- [EXERCISE DETAILS] Please write out exactly the lines from the one with "Boden Classic 6" through the end of the data below, both ends included, and omit any pictures.

- [DATA SHOWN]
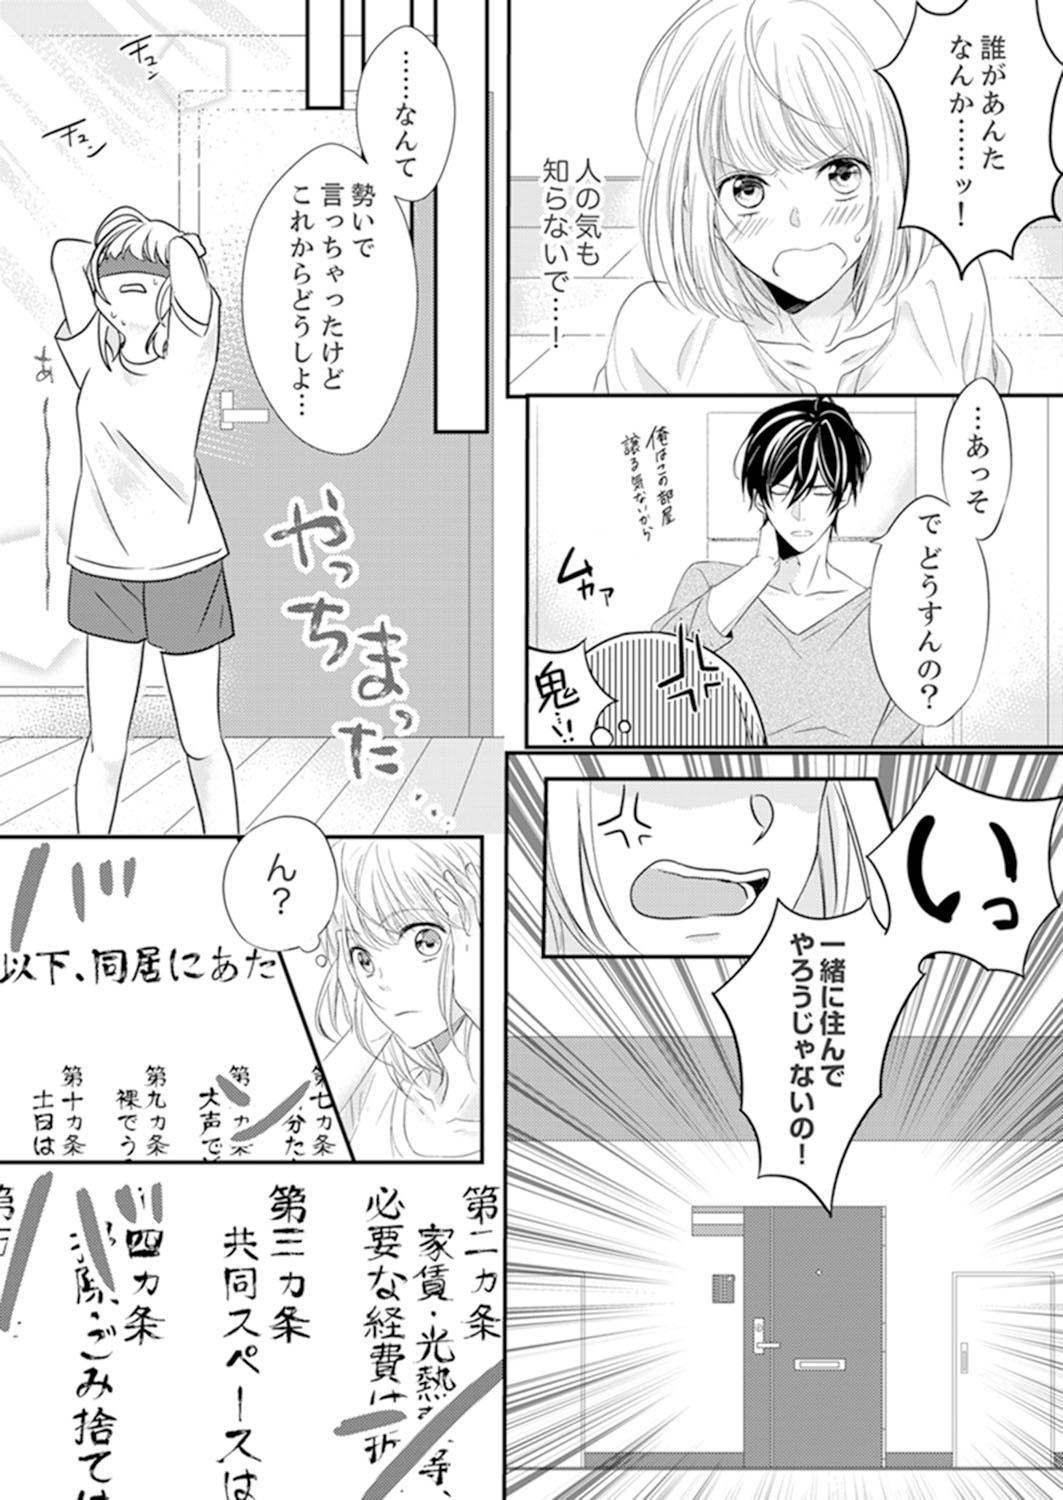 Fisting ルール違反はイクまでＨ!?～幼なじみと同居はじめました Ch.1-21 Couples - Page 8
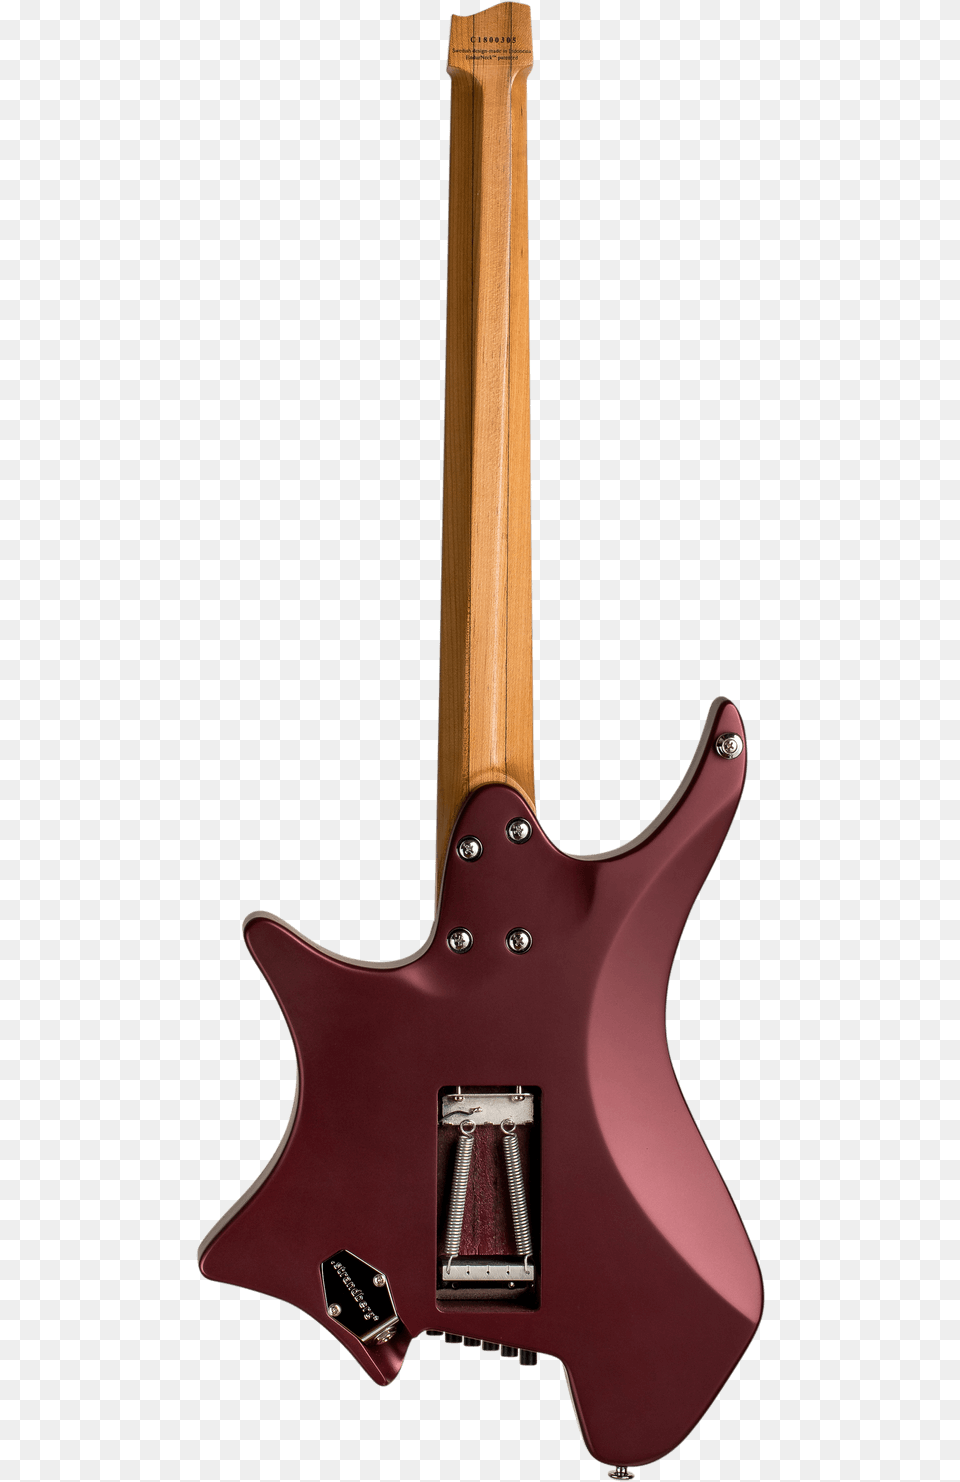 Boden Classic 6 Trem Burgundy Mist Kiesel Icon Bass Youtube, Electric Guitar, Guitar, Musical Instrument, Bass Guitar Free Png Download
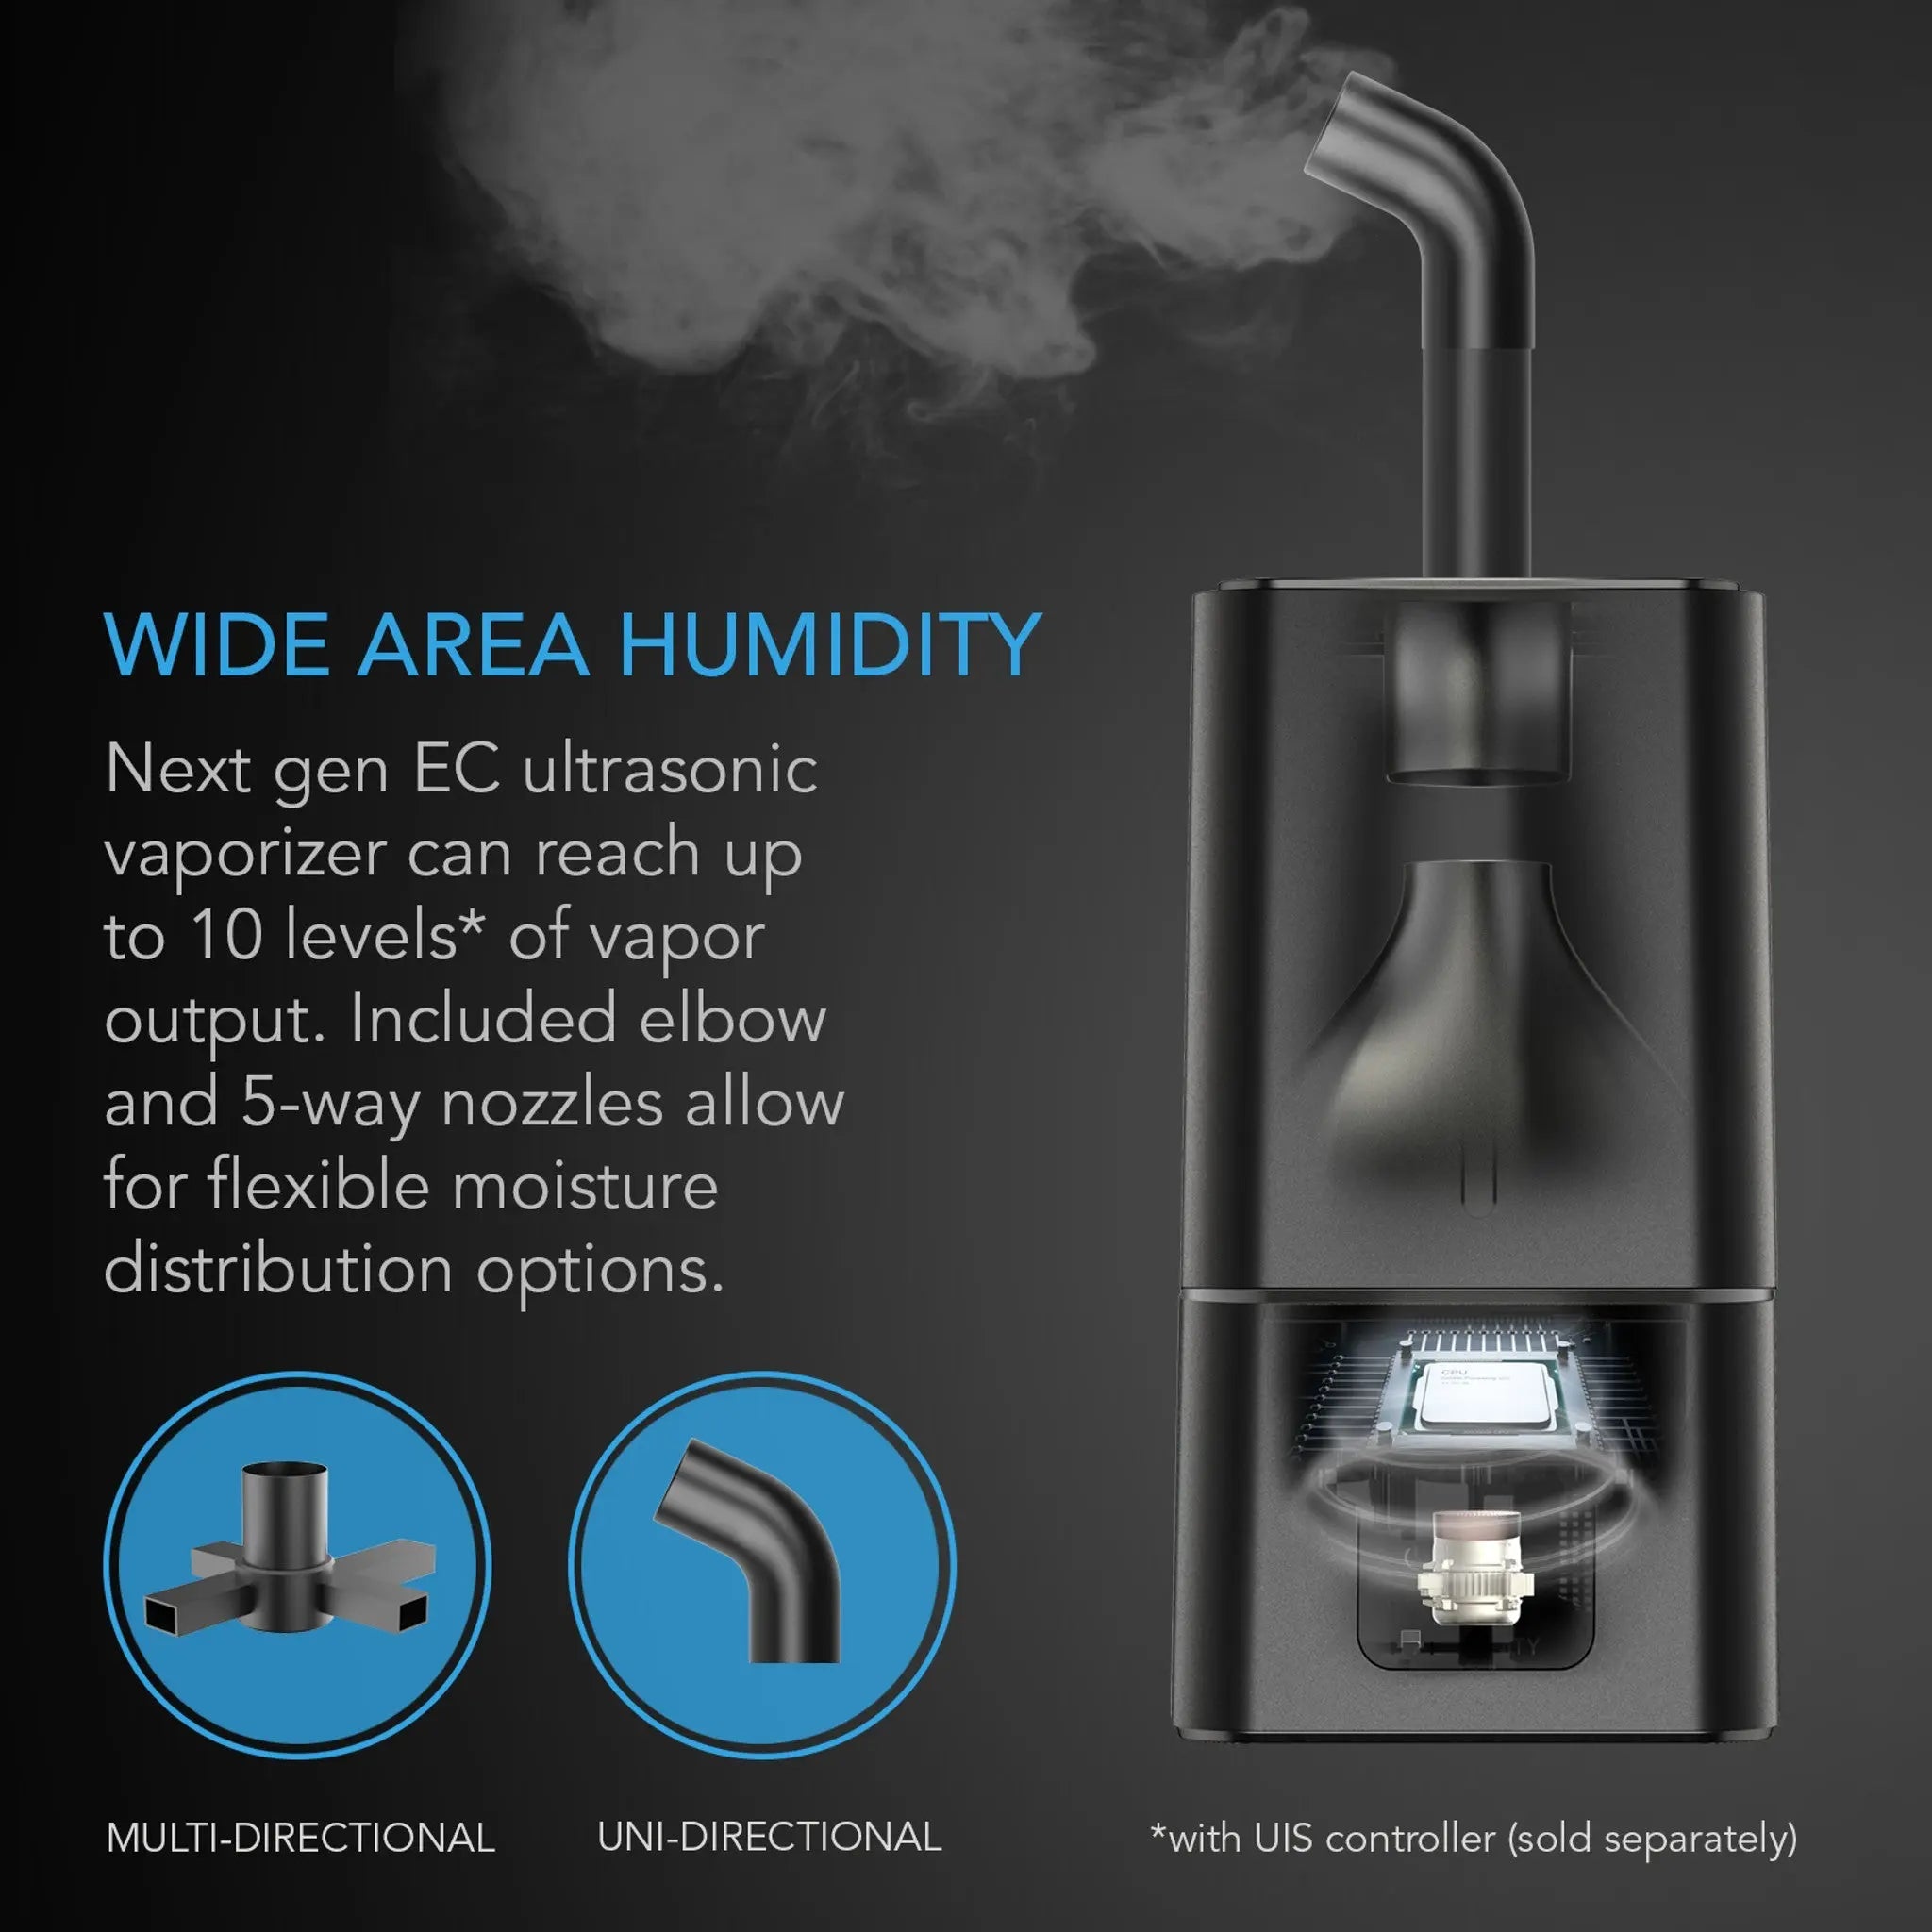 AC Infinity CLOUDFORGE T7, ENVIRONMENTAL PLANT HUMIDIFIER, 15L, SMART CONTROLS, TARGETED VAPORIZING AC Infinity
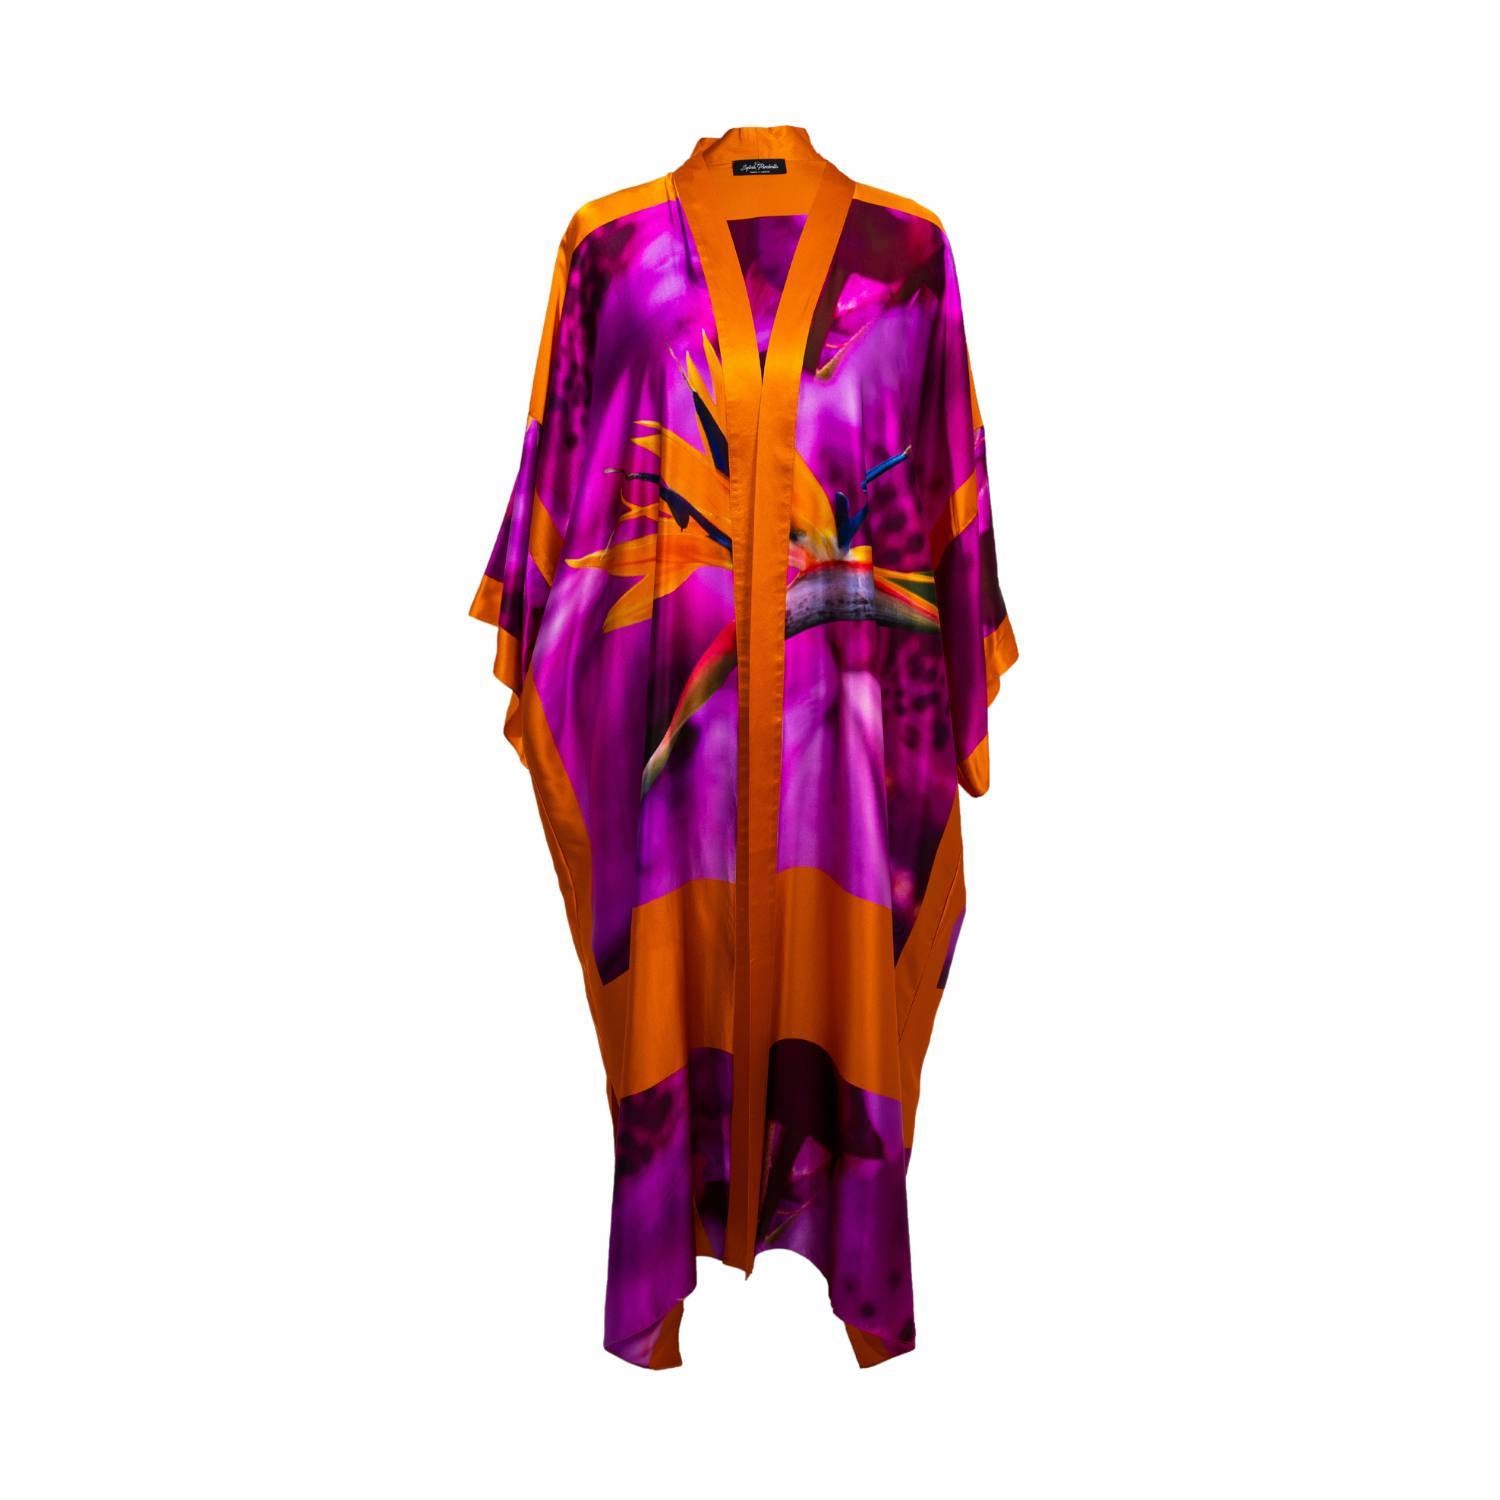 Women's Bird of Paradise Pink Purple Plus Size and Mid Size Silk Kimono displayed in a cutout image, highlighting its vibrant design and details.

- [SOLUTION FOR THIS TASK]
 Boden Classic 6 Trem Burgundy Mist Kiesel Icon Bass Youtube, Electric Guitar, Guitar, Musical Instrument, Bass Guitar Free Png Download
 AC Infinity CLOUDFORGE T7, ENVIRONMENTAL PLANT HUMIDIFIER, 15L, SMART CONTROLS, TARGETED VAPORIZING AC Infinity
 Women's Bird of Paradise Pink Purple Plus Size and Mid Size Silk Kimono displayed in a cutout image, highlighting its vibrant design and details.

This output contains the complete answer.